Introduction

A recent magistrate court decision in Muhamad Abu Dachal v Menora Insurance Co Ltd (CC 3737-04-14) rejected a claim filed after the limitation period prescribed by the Insurance Contract Law 1981. The plaintiff's appeal was rejected by the district court and his motion to file an appeal to the Supreme Court was denied on January 24 2016 for procedural reasons.

In Muhamad, the plaintiff raised an important issue relating to the liability of insurers to pay insurance to an insured after the limitation period had expired, since he argued that the grounds for filing the claim were not based solely on the Insurance Contract Law, but also on breach of the Tort Law, unjust enrichment and contractual grounds, which are not subject to the three-year limitation period under the Insurance Contract Law.

Facts

On April 2 2014 the plaintiff filed a claim at the Beer-Sheva Magistrate Court against Menora Insurance Co Ltd for insurance benefits. The plaintiff alleged that his vehicle was stolen on April 19 2007 and he should be compensated accordingly.

The insurers submitted a motion for declination of the claim, arguing that the period for filing the claim had elapsed, as under Section 31 of the Insurance Contract Law the period for filing an insurance claim is three years from the date of the incident.

The plaintiff did not dispute the fact that the limitation period stipulated by the Insurance Contract Law is three years and that his claim was time barred. However, he argued that his claim was based on additional causes of actions including contractual grounds, violation of the Tort Law and unjustified enrichment. The plaintiff claimed that the grounds were not subject to the limitation period prescribed by the Insurance Contract Law and therefore the motion filed by the insurers should be denied.

Decision

The court reviewed the above arguments and determined that the plaintiff's attempt to distinguish between the grounds based on the Insurance Contract Law and grounds based on other laws was unfounded and should be denied. The court determined that even if one party to the contract had breached its duty to act in good faith (as stipulated in Section 39 to the Contract Law 1973), this cause of action cannot exclude the provisions of the Insurance Contract Law in the above case.

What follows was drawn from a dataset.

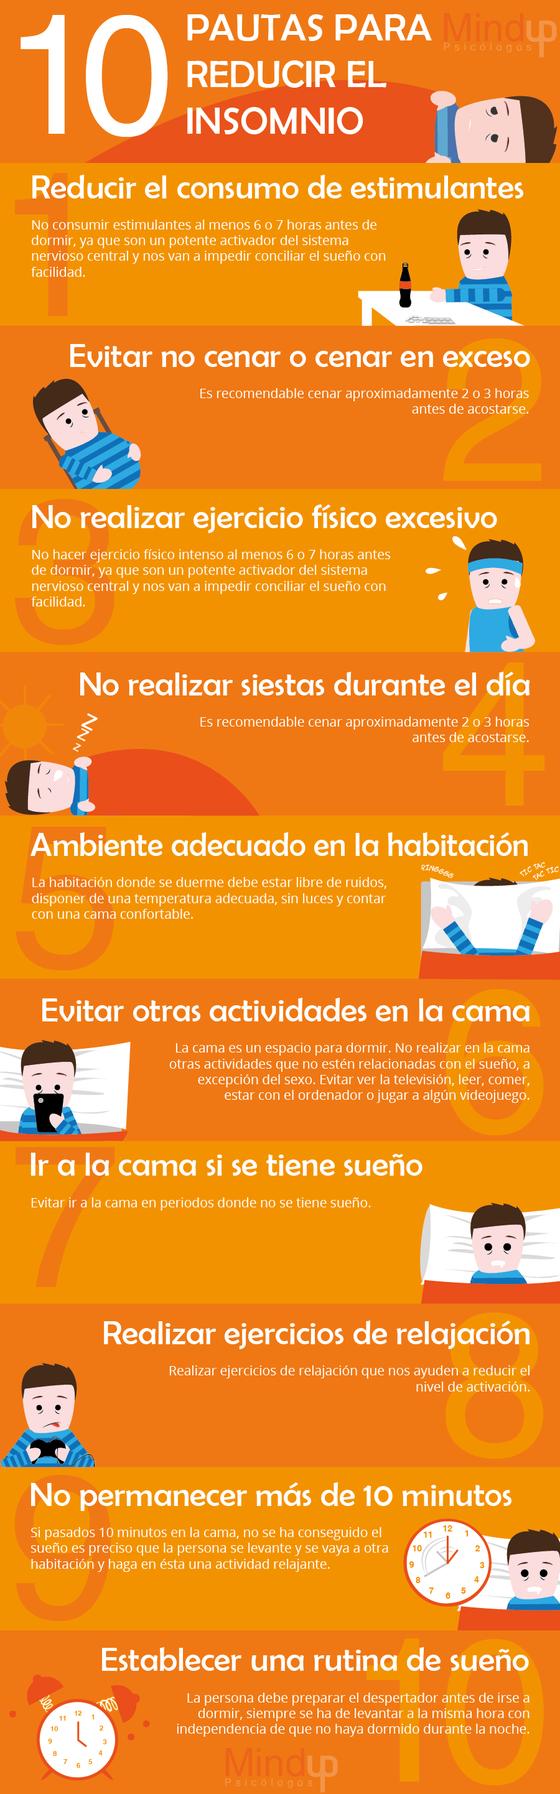 10-pautas-para-reducir-el-insomnio-infograficc81a-min

In its decision, the court referred to Kobovski v Shirbit Insurance Co Ltd (CC 1988-06-10), which stated that where the main characteristics of a claim are based on insurance policy and its interpretation, the claim will be subject to the Insurance Contract Law, even in cases in which ancillary causes of action can be added based on the Contract Law, the Tort Law and unjustified enrichment.

The court also stated that examining a claim for insurance benefits under the Contract Law will eliminate the special arrangement stipulated in Section 31 of the Insurance Contract Law, as the basic argument in every insurance claim is that the insurer breached its contractual duty according to the policy.

In light of the above, the court determined that the plaintiff should have submitted his claim within the limitation period stipulated by the Insurance Contract Law.

The plaintiff submitted an appeal to the district court which was denied, since he had exceeded the timeframe for serving appeals stipulated in the civil procedure regulations. His motion to submit an appeal to the Supreme Court was denied for procedural reasons.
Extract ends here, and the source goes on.